Penyiksaan Bilal seorang budak
yang tinggal pada keluarga Umayyah bin Khalaf, akhirnya terdengar oleh Sahabat
Rosululloh Abu Bakar As Shiddiq r.a. Sahabat nabi tersebut melakukan
pembicaraan dengan Umayyah untuk “membeli” Bilal. Akhirnya Bilal bisa merdeka
dengan imbalan uang yang sangat mahal. Bilal merdeka. Ia tak lagi menjadi budak
keluarga Ummayah bin Khalaf. Bilal menjadi salah seorang sahabat andalan
Rosululloh dari kalangan hamba sahaya.
Muadzin
ar Rosululloh
Kiprah Bilal luar biasa. Ketika
mesjid Nabawi Madinah selesai dibangun, Bilal dipercaya Rosululloh untuk
mengumandangkan Azan. Waktu itu, Rosululloh mensyariatkan azan sebelum
didirikan sholat. Azan pada saat itu dimaksudkan sebagai penanda datangnya
waktu sholat dan juga sekaligus mengajak kaum Muslimin di sekitar Madinah untuk
melaksanakan shalat berjamaah di Masjid Nabawi.
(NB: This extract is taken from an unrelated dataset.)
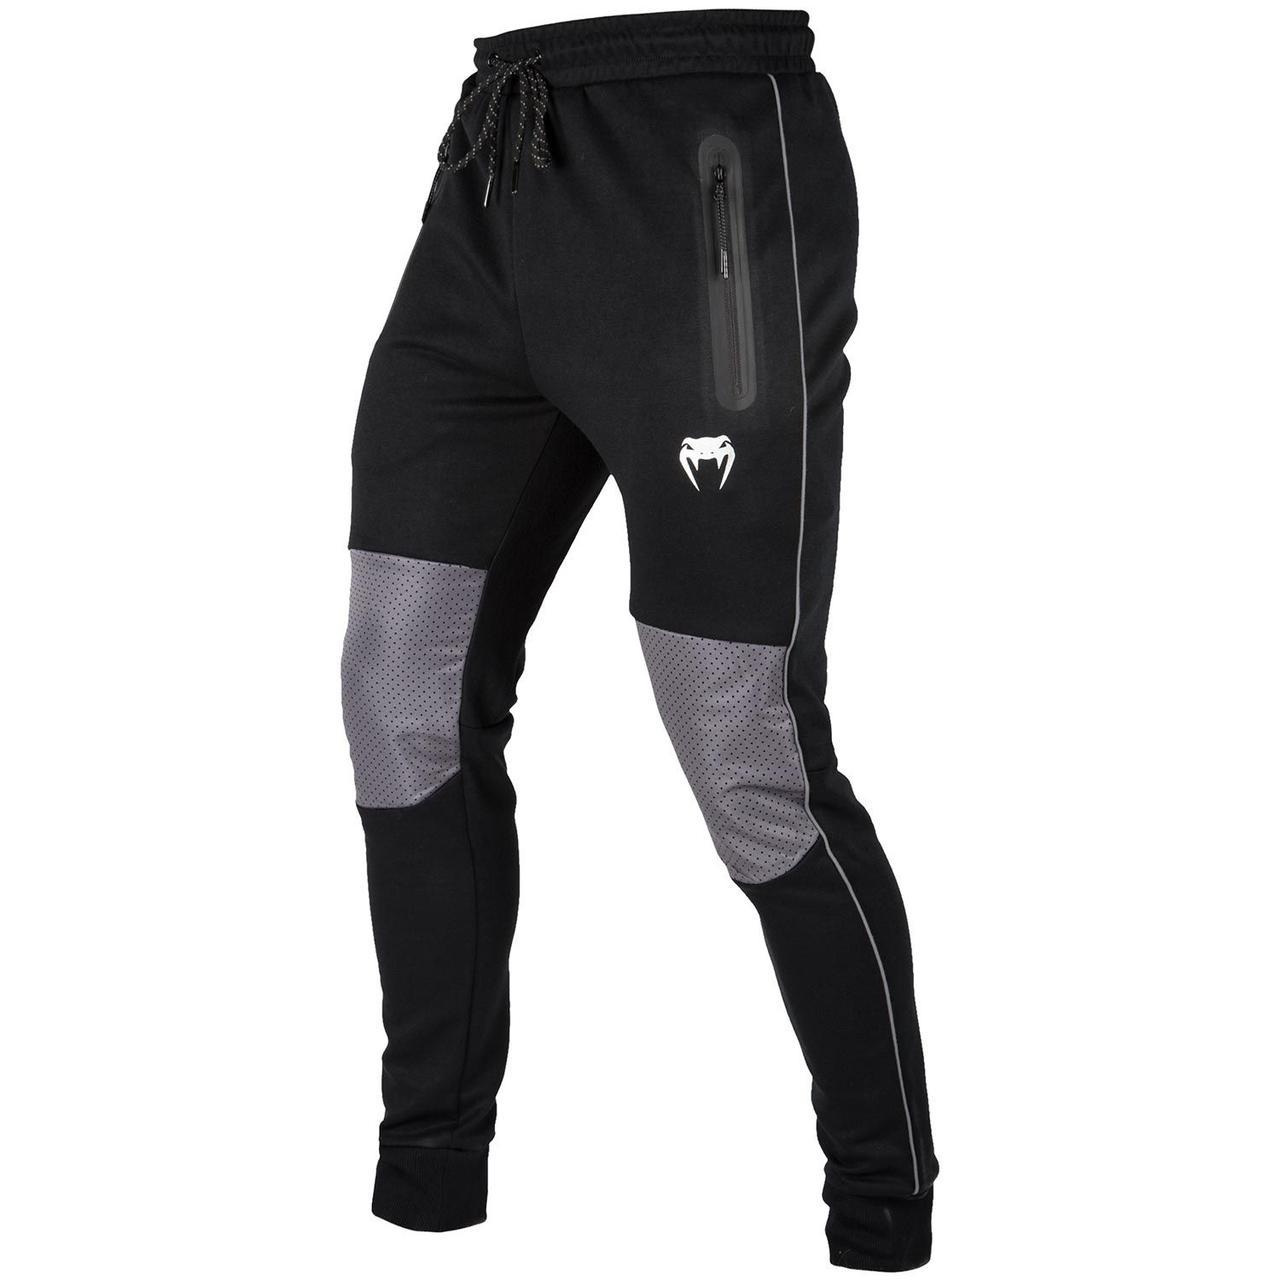 Спортивные штаны Venum Laser Pants Black

Ada sejumlah pertimbangan mengapa Bilal terpilih sebagai Muadzin ar Rosululloh.
Bilal memiliki suara yang merdu dan melengking keras. Ia juga teruji keimanan
dan ketakwaan kepada Allah SWT dan salah seorang sahabat Rosululloh yang gigih
mempertahankan syiar Islam sejak periode awal dakwah yang dilakukan Rosululloh.
Sosok Bilal bukan sebatas Muadzin
kepercayaan Rosululloh, tetapi juga perlambang persamaan derajat manusia dalam
berkhidmat ketauhidan Allah SWT. Bilal juga sosok pemberani, karena ia mampu
melantunkan azan dengan penuh khusuk, kendati pada masa awal dakwah Kenabian,
kaum Quraishy dan kaum jahiliyah selalu meneror dan mengganggu keamanan.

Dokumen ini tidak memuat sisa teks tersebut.